# Painting Enclosures & Decals



## hollowbody (Jan 15, 2008)

So...what's the best way to paint a metal enclosure? Should I sand first? Acrylic or Oil? 

I just bought a pedal off flashPUNK which was painted in what appears to be acrylic white. The acrylic seems to be coming off pretty easy, so I don't know if oil is a better choice. 

Basically, I want to strip the pedal, re-paint it a solid colour, and then I'm thinking of applying a decal to it. What's the process for decals? Can I get some paper from a arts/crafts store and print whatever image I want on it? Then what?

Clearly, I've never done this before, so all you DIY pedal-geeks need to give me some pointers!


----------



## flashPUNK (Feb 16, 2006)

I suggest you grind/sand the pedal down to the metal - leaving it a bit rough, so the paint has something to grab onto (what I didn't do the first time I did it 

If you want a glossy finish, clear coat it a couple times..

I know for a fact that you can find quite a bit information about painting enclosures on the BYOC Forum..

Good luck, let me know how it turns out!


----------



## Guest (Feb 25, 2009)

Check out Beavis Audio's Box-In-A-Day recipe: http://beavisaudio.com/techpages/boxinaday.html

Here's a neat alternative to water slide decals: http://www.diystompboxes.com/smfforum/index.php?topic=71307.0


----------



## hollowbody (Jan 15, 2008)

Awesome, thanks guys! I found some stuff on this TGP thread as well.

Mike, I will definitely keep you updated about how it turns out.


----------



## allthumbs56 (Jul 24, 2006)

I used an auto paint (trans blue) and a clear coat when I made the last one. I got waterslide decal paper at the local hobby store. Just make sure that you build up the clear over the decals in multiple thin coats. I also used my oven on low to "bake" between coats.

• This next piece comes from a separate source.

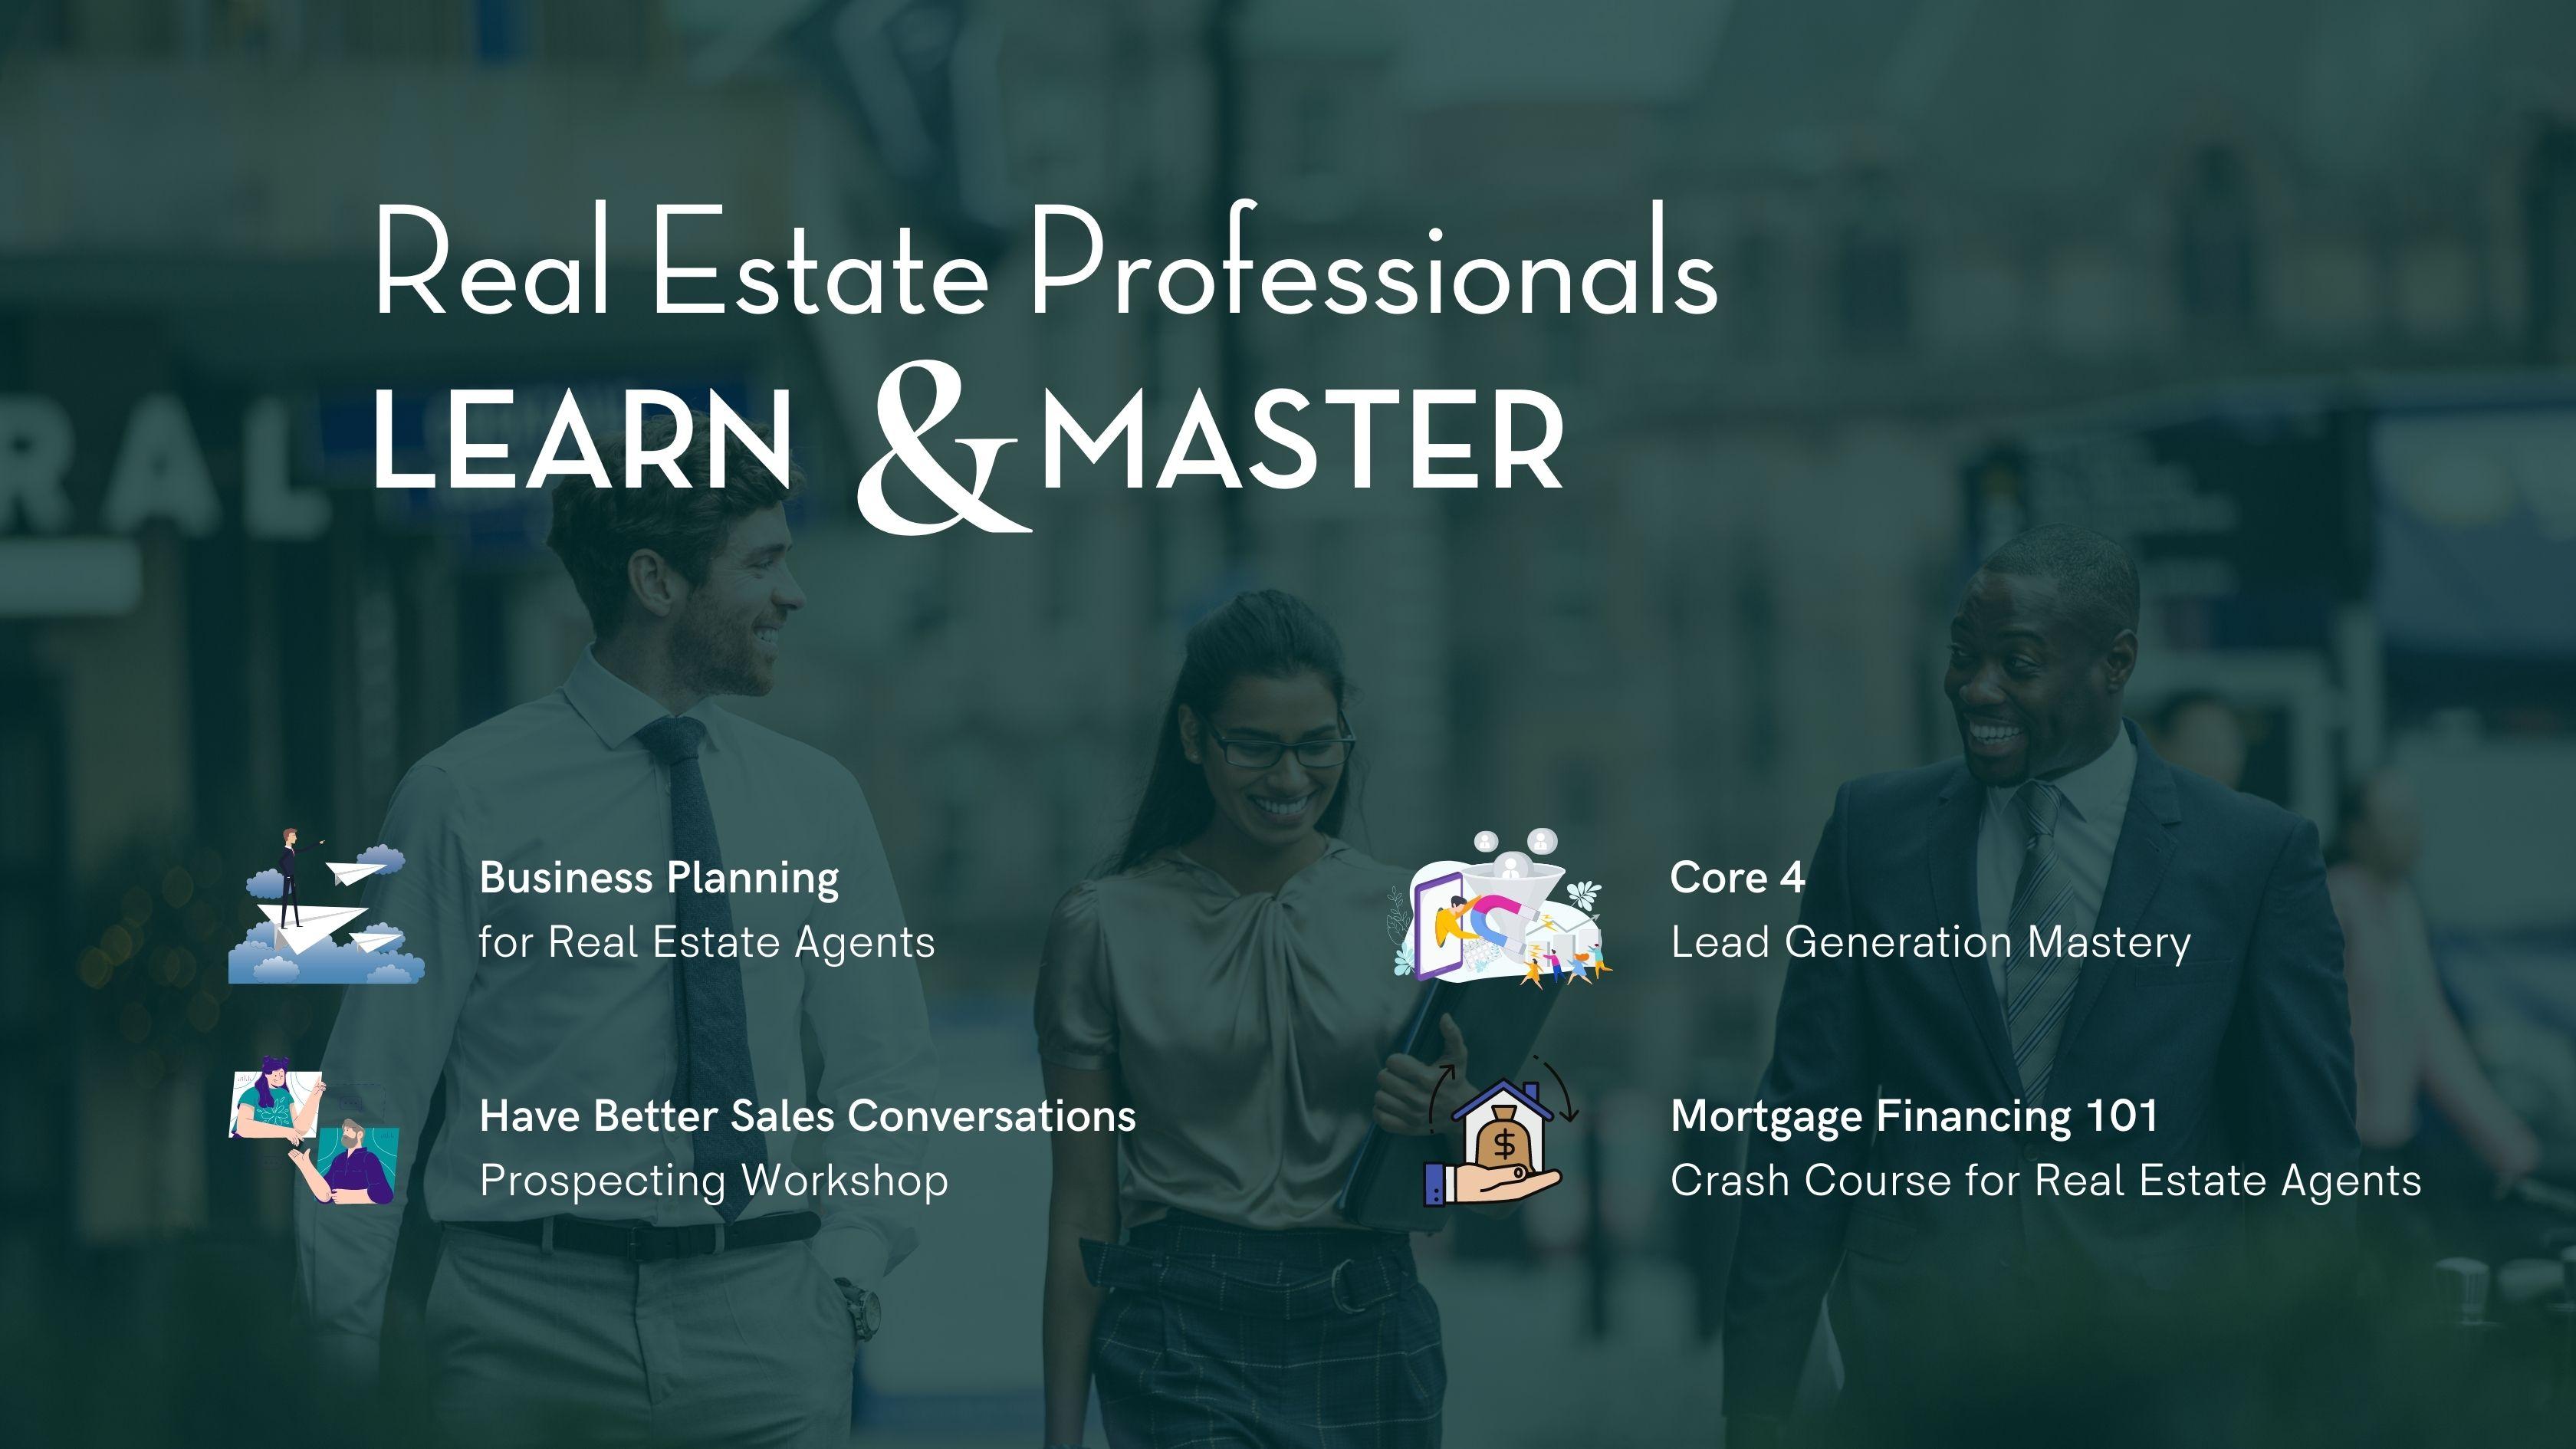 Workshops for Real Estate Professionals

The secret ingredient is patience .............


----------



## Diablo (Dec 20, 2007)

I think powdercoating would be cool... more work but more durable than just about any paint.


----------



## hollowbody (Jan 15, 2008)

So far I've sanded off the paint using emery cloth and a good measure of elbow grease. There's a few spots around knobs and jacks and stuff where there's a wee little bit of paint left, but I don't want to gut the pedal to do this, so I'm thinking of just taping off the jacks and pots (once the knobs are off) and spraying it. I'm waiting for the weather to warm up a bit so I can do this outside so my gf and my cat don't complain. I'll post some pics of the sanded down pedal tonight. It looks pretty cool, and I would have maybe kept it that way if I didn't have a bitchin' cool idea for painting the pedal.


----------



## hollowbody (Jan 15, 2008)

Here's a pic of it sanded down mostly.


----------



## Powdered Toast Man (Apr 6, 2006)

I'd take the guts out if I was you - you'll make it WAAAY easier on yourself. All you literally have to do is undo the nuts around the pots, jacks, and switch and it should pretty much just drop out.


----------



## hollowbody (Jan 15, 2008)

I wanted to do that but I'm not sure what to do with removing the bezel and dc jack. I haven't inspected those completely and I don't want to have to desolder and resolder them unless I really, really have to.

If it's easy to do, then I would definitely go for it, but I know literally nothing about putting pedals together, so I'm not sure what to do when it comes to the LED bezel and the power input.


----------